Je voudrais en finir

Apolline

C'est comme un poison dans ma tête ! Elle est lourde, si encombrée. J'arrive plus à la supporter. Cette impression de ressembler à une machine à laver, trop chargée, qui n'en finit pas de nettoyer encore ce même linge usé par le temps. Je suis lessivée. Je voudrais en finir.

Le passé d'une longue histoire d'amour revient toujours à la gueule qui grimace, qui grince en larmes, de devoir encore faire face.

Pourtant j'ai très bien retiré le manteau, les couches et les voiles, parfois en les soulevant délicatement, d'autres fois en les déchirant, à fleur de peau, pour faire jaillir la blessure, touchant sans cesse l'inconsolable détresse,

Pourtant j'ai très bien caressé la nudité de mon film de vie, pardonner les silences confus, l'aveuglement, les trahisons, les prémices d'un mal hurlant la formule de séparation,

Pourtant j'ai très bien enterré les hauts le cœur qui ont marqué ma peau collée dans les tissus pour affirmer enfin que je reviens de loin, de très loin.  

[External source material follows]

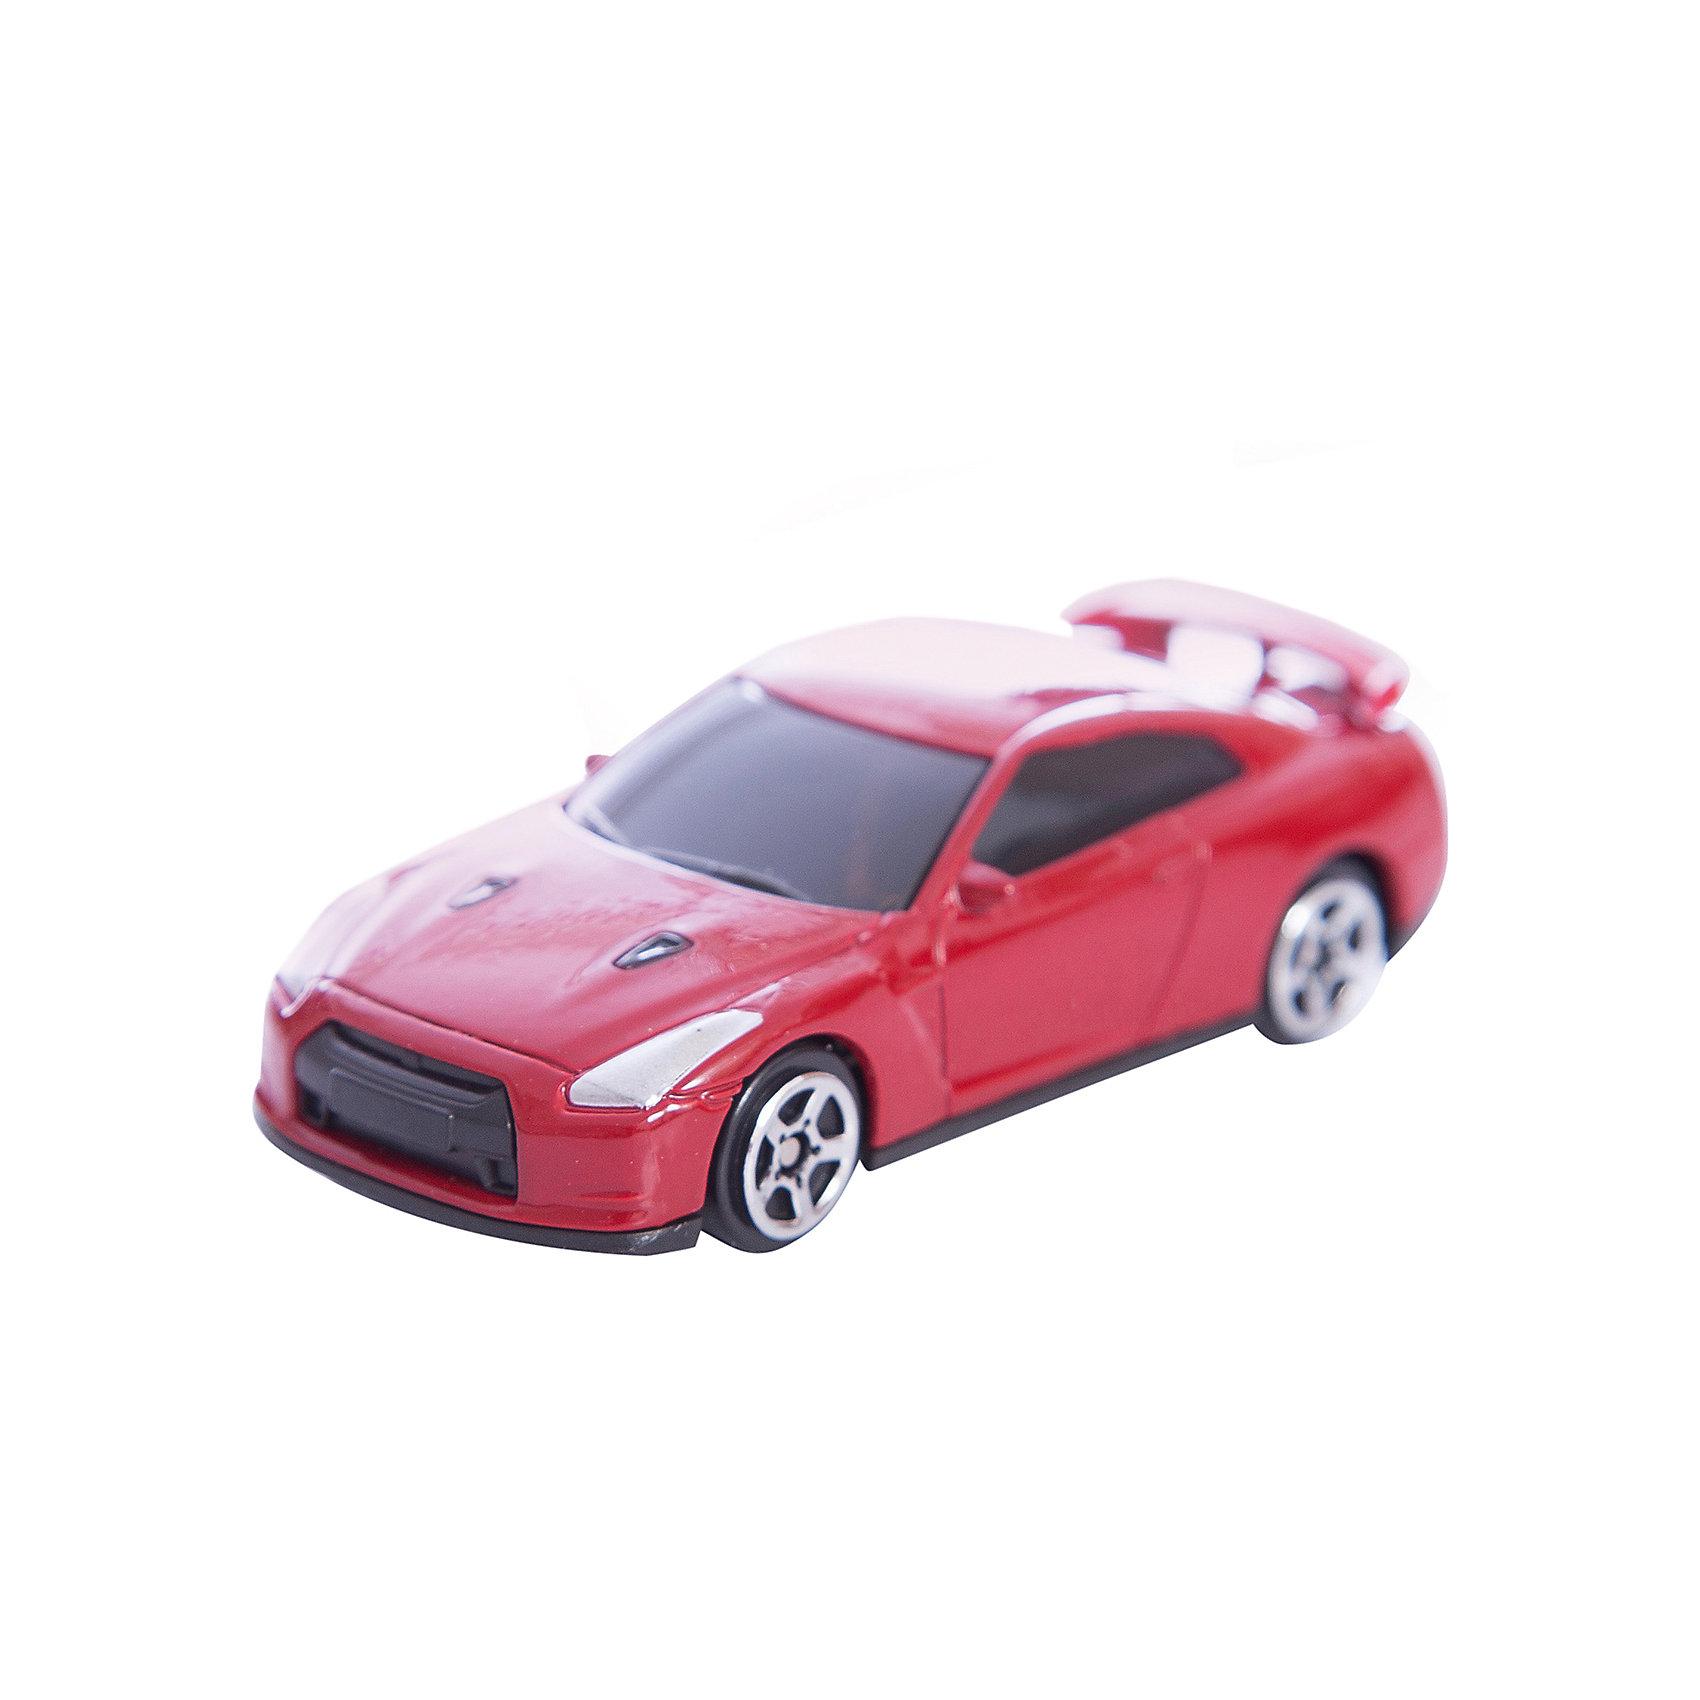 Машинка Nissan GT-R (R35) Jeans 1:64, AutotimeМашинки<br><br><br>Ширина мм: 90<br>Глубина мм: 42<br>Высота мм: 40<br>Вес г: 14<br>Возраст от месяцев: 36<br>Возраст до месяцев: 2147483647<br>Пол: Мужской<br>Возраст: Детский<br>SKU: 5584068

Tout est TRÈS BIEN n'est-ce pas ?...

Au demeurant de cette paix indiscutable, le linge du grand amour d'hier se tortille néanmoins en pirouette dans ma machine qui le broie à mille tours. Je voudrais en finir.

En finir de toute cette vidange… de toute cette vie d'ange ? Quelle méprise !

En finir d'un jeu que je maintenais amoureuse docile sous sa force tranquille.  Mais tellement destructrice. Quelle emprise !

Le tambour bat son plein. Je viens d'abattre la dernière carte. Le joker a été éjecté à mes pieds, dans ses guenilles verdâtres dérangées, dans son sourire écartelé trop rouge qui m'a décalquée. J'ai fini par arracher sa main, plaquée là sur ma tête, comme une empreinte qui me tirait toujours par les cheveux. NON ! Plus jamais de manipulations de près comme de loin ! Plus jamais, je ne donnerai mon âme au diable. Le lien est tranché. C'est fini, c'est fini. Je serai sûrement plus belle sans lui maintenant. Plus légère, plus sincère, sans me taire et surtout sans éther.